Foi até o terceiro dormitório, onde preparou uma das duas camas, deixando-a pronta para receber novo inesperado hóspede e seguiu para a cozinha, no intuito de preparar mesmo o jantar.
Dez minutos depois, o menino, novamente de óculos, estava sentado no sofá da sala, assistindo com a menina ao mesmo filme de dinossauros em imagens tridimensionais.
— Você vai ficar morando com a gente? — Perguntou-lhe Maysa.
— Vou ficar até a sua mãe ajudar a achar meus pais.
— Ele é bonitinho, mas você não pode paquerá-lo, tá filha — ironizou a mulher que acabava de chegar.
— Eu não! Acha?!
— Não acha que ele seja bonito? — Riu Luciana.

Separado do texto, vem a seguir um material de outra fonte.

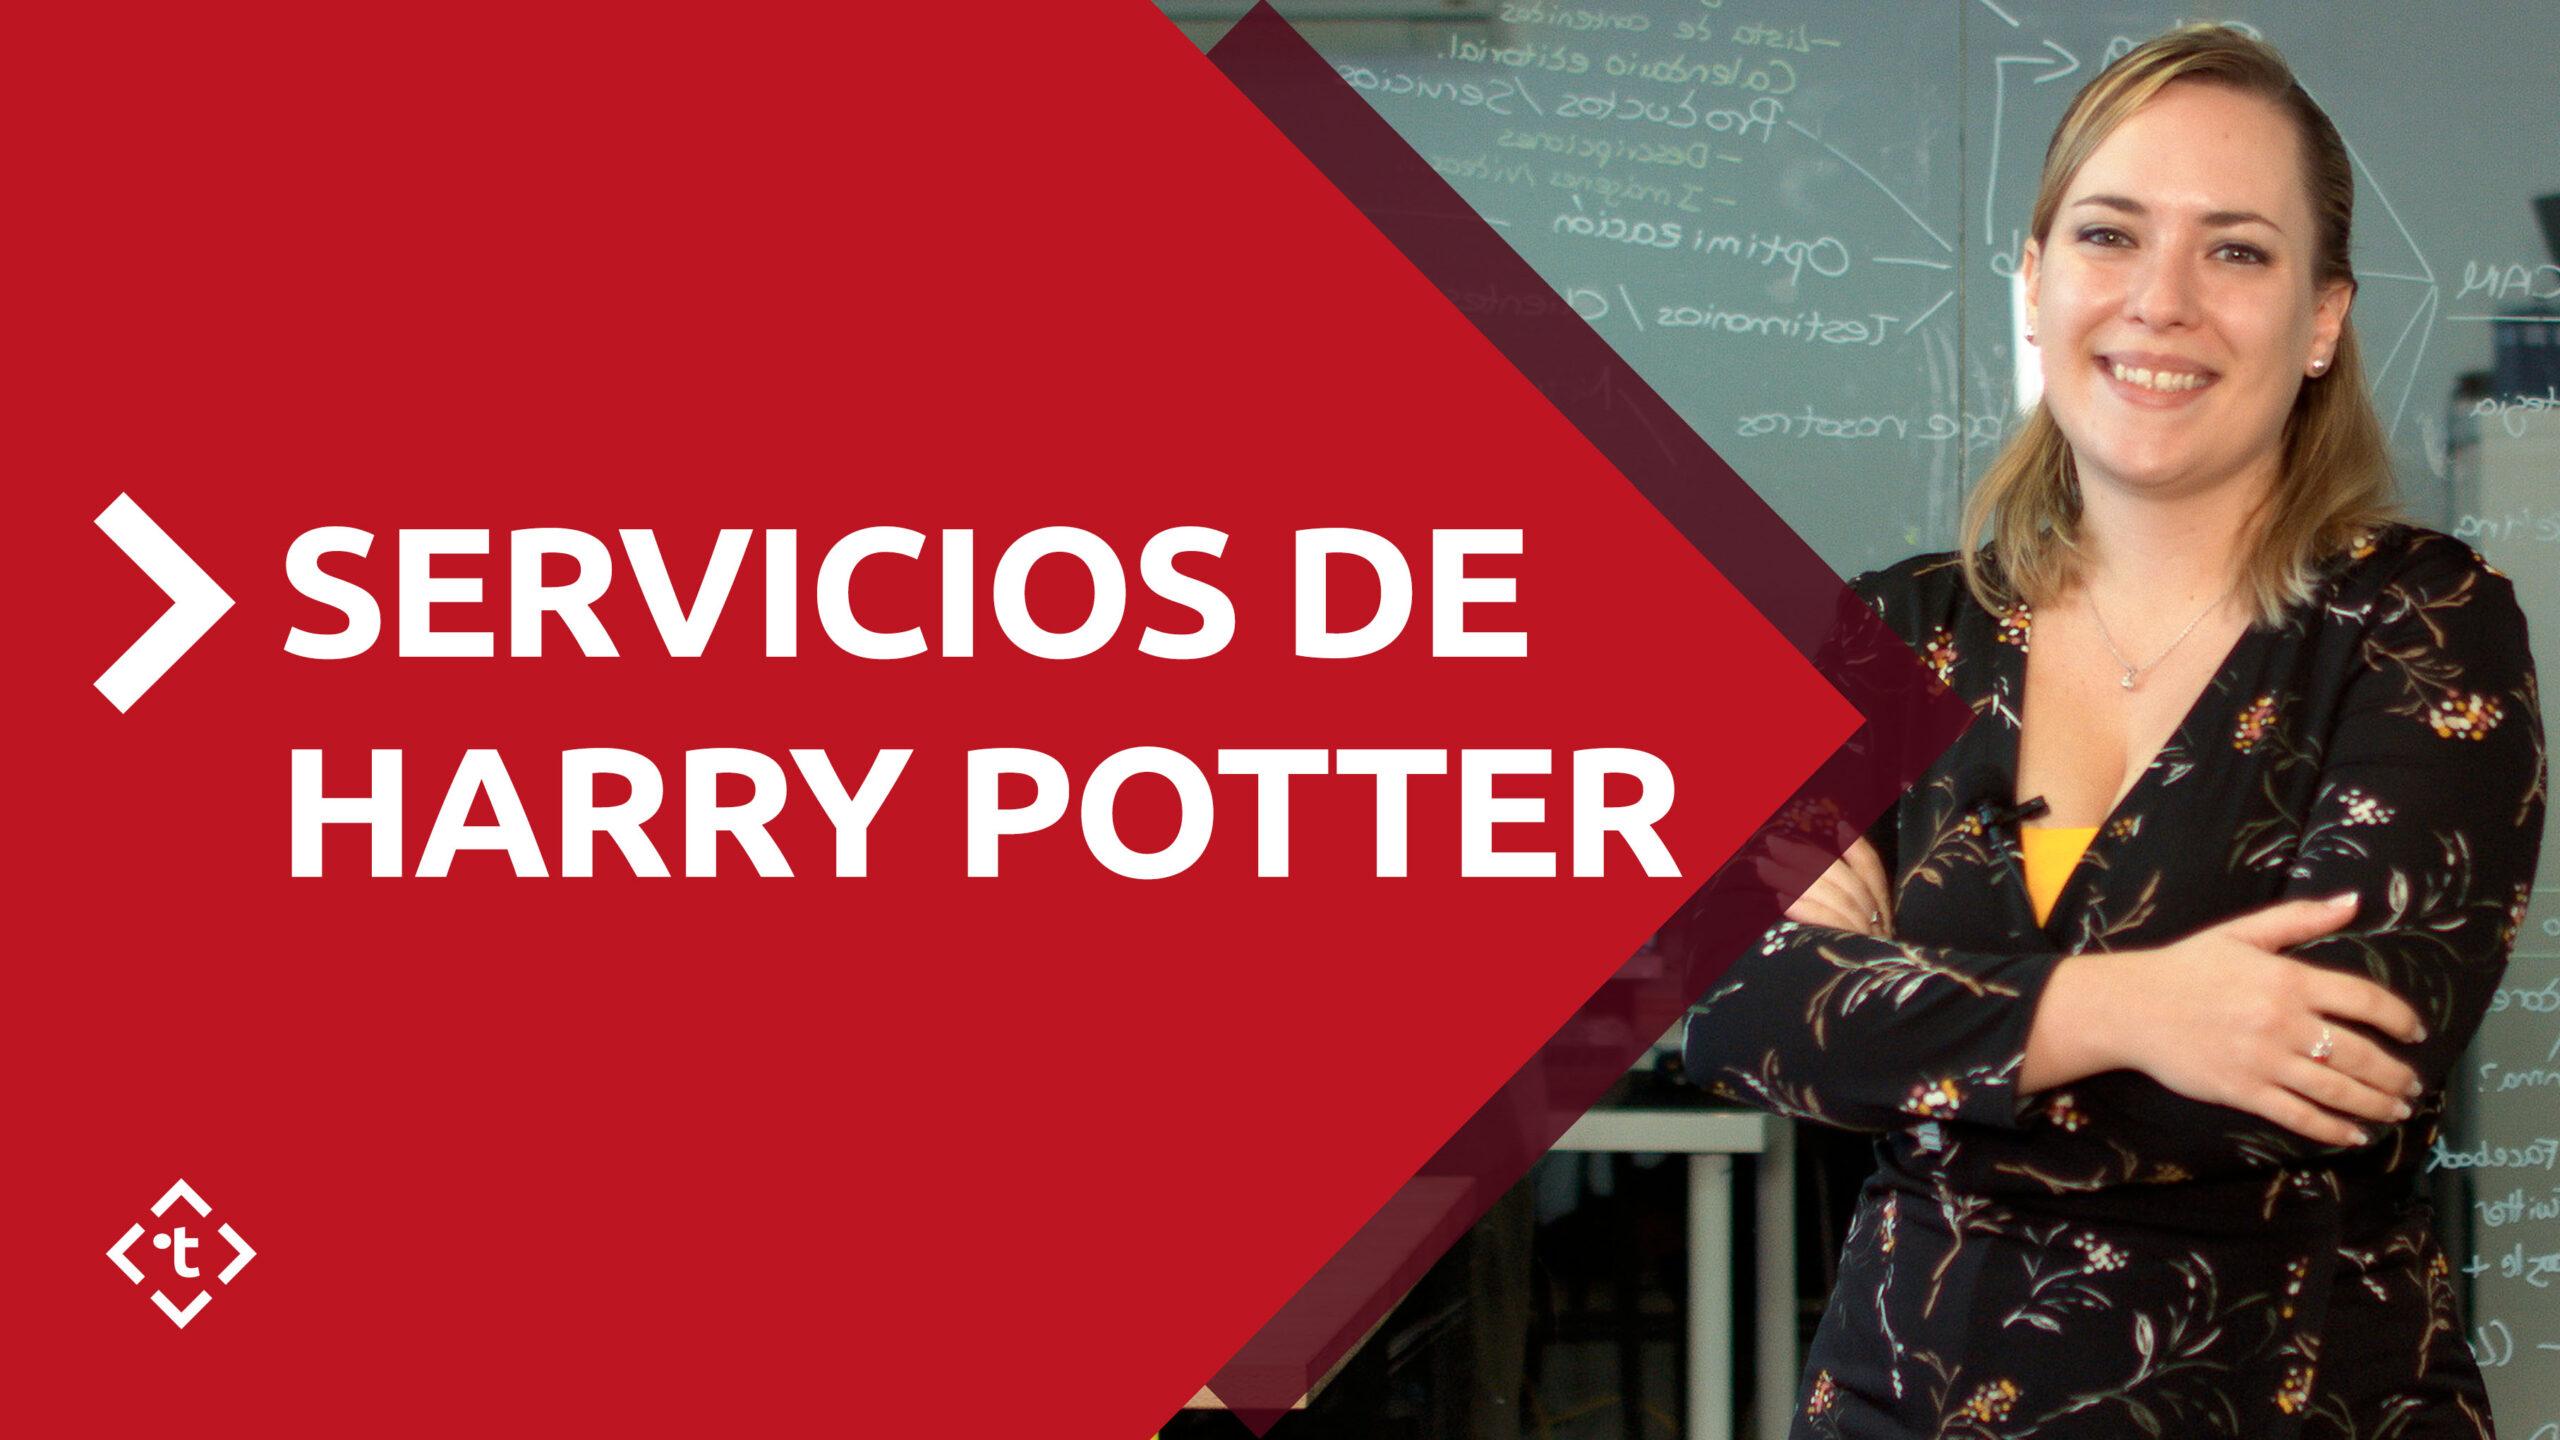 SERVICIOS DE HARRY POTTER

— É! — Deu de ombros a menina. — Até que é! Mas não vou namorar ele!
— Também não quero namorar ela! — Protestou o menino.

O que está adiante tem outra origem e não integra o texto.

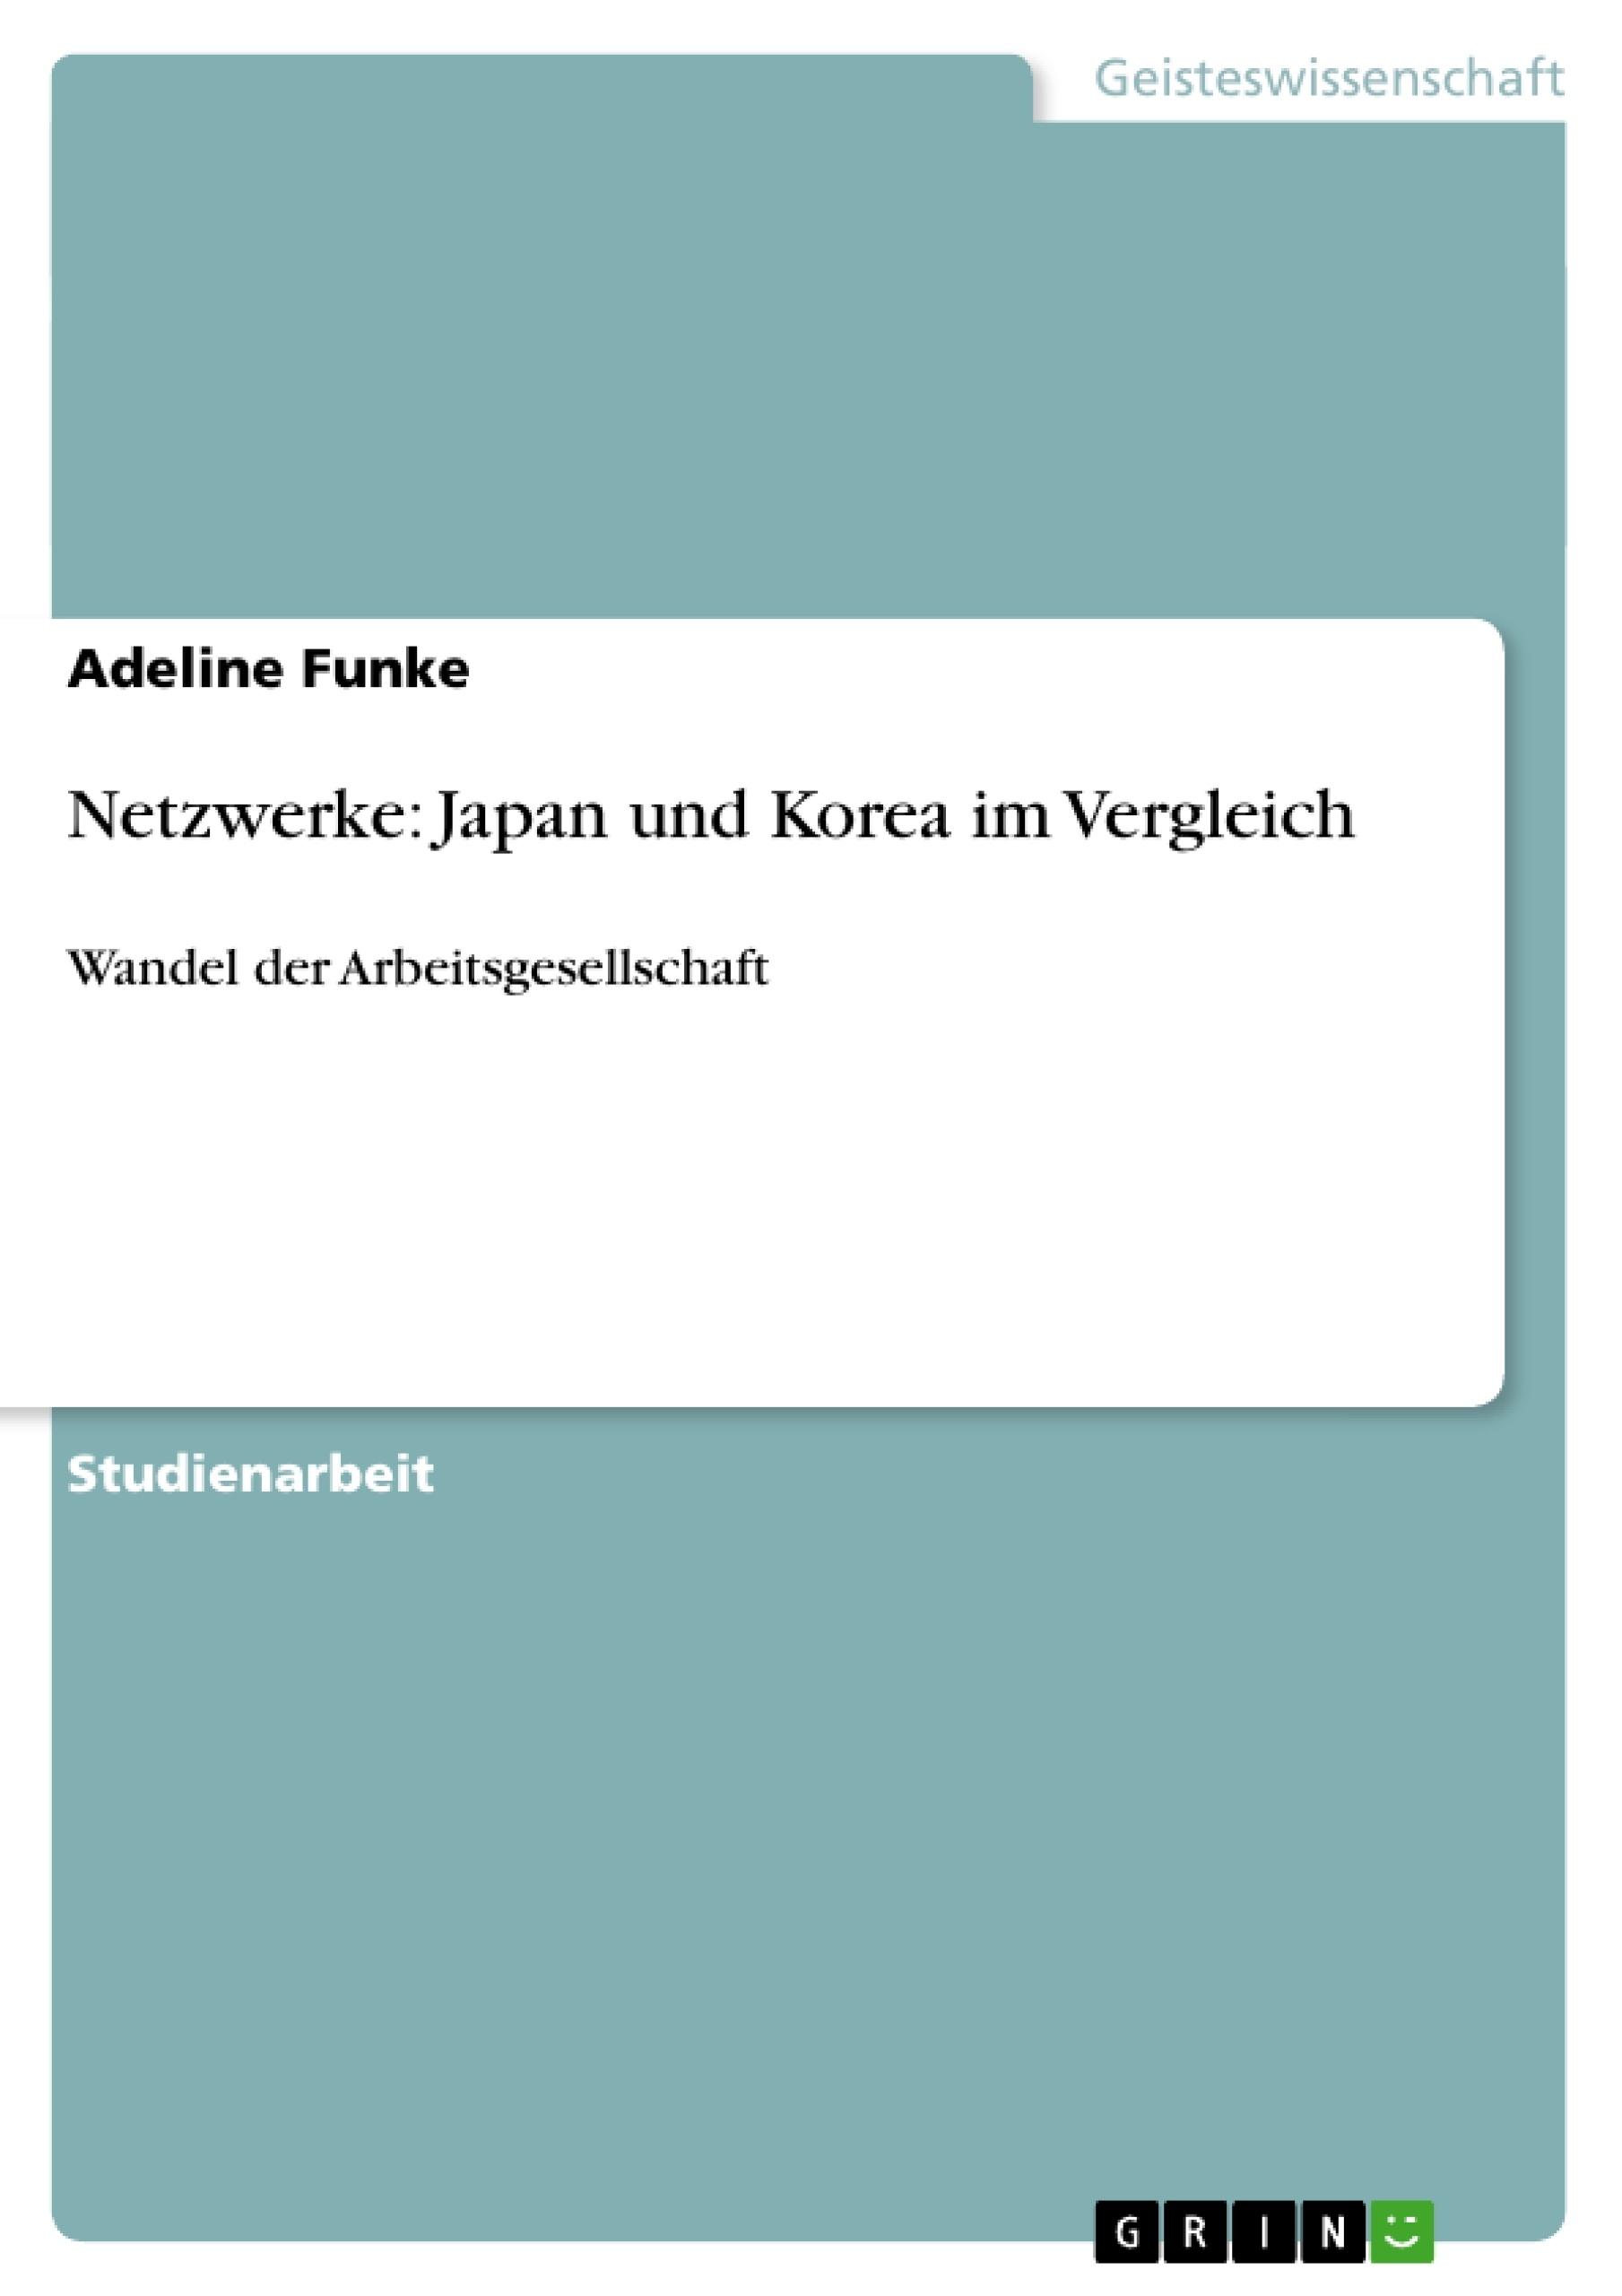 Titel: Netzwerke: Japan und Korea im Vergleich

— Não acha minha filha linda?
— Ela é muito linda! — Finalmente esboçou leve sorriso o pequeno, forçando os óculos para a testa. — Até parece princesa!
— Ooooh! — Entusiasmou-se Luciana. — Viu só, filha! Que galanteio! Meu marido nunca fala isso pra mim!
— Obrigado! — Riu Maysa balançando os longos cabelos macios. — Mas somos pequenos pra namorar.
— Vocês nem podem se enamorarem, certo? Depois eu explico o porquê.
— Já sei por que, mãe! Ele é mais novo do que eu.
Poucos minutos depois, Luciana fizera os dois pausarem tal filme da televisão e se dirigiram os três para a copa, onde passaram a jantar.
— Só mora vocês dois nessa casa gigante?
— Não! — Negou Maysa. — Mora eu, minha mãe, meu irmão Arthur e meu pai.
— Cadê eles?
— Arthur foi pra escola, meu pai tá sumido desde cedo — dirigiu-se para a mãe. — Ainda não tem notícias do pai, mãe?
— Acho que sei o que está acontecendo — tentou explicar Luciana. — Depois eu explico.
— Quantos anos tem… Arthur? — Perguntou curioso o menino.
— Dezessete! E eu tenho outro irmão! George! Ele tem vinte e dois. Só que não mora mais conosco!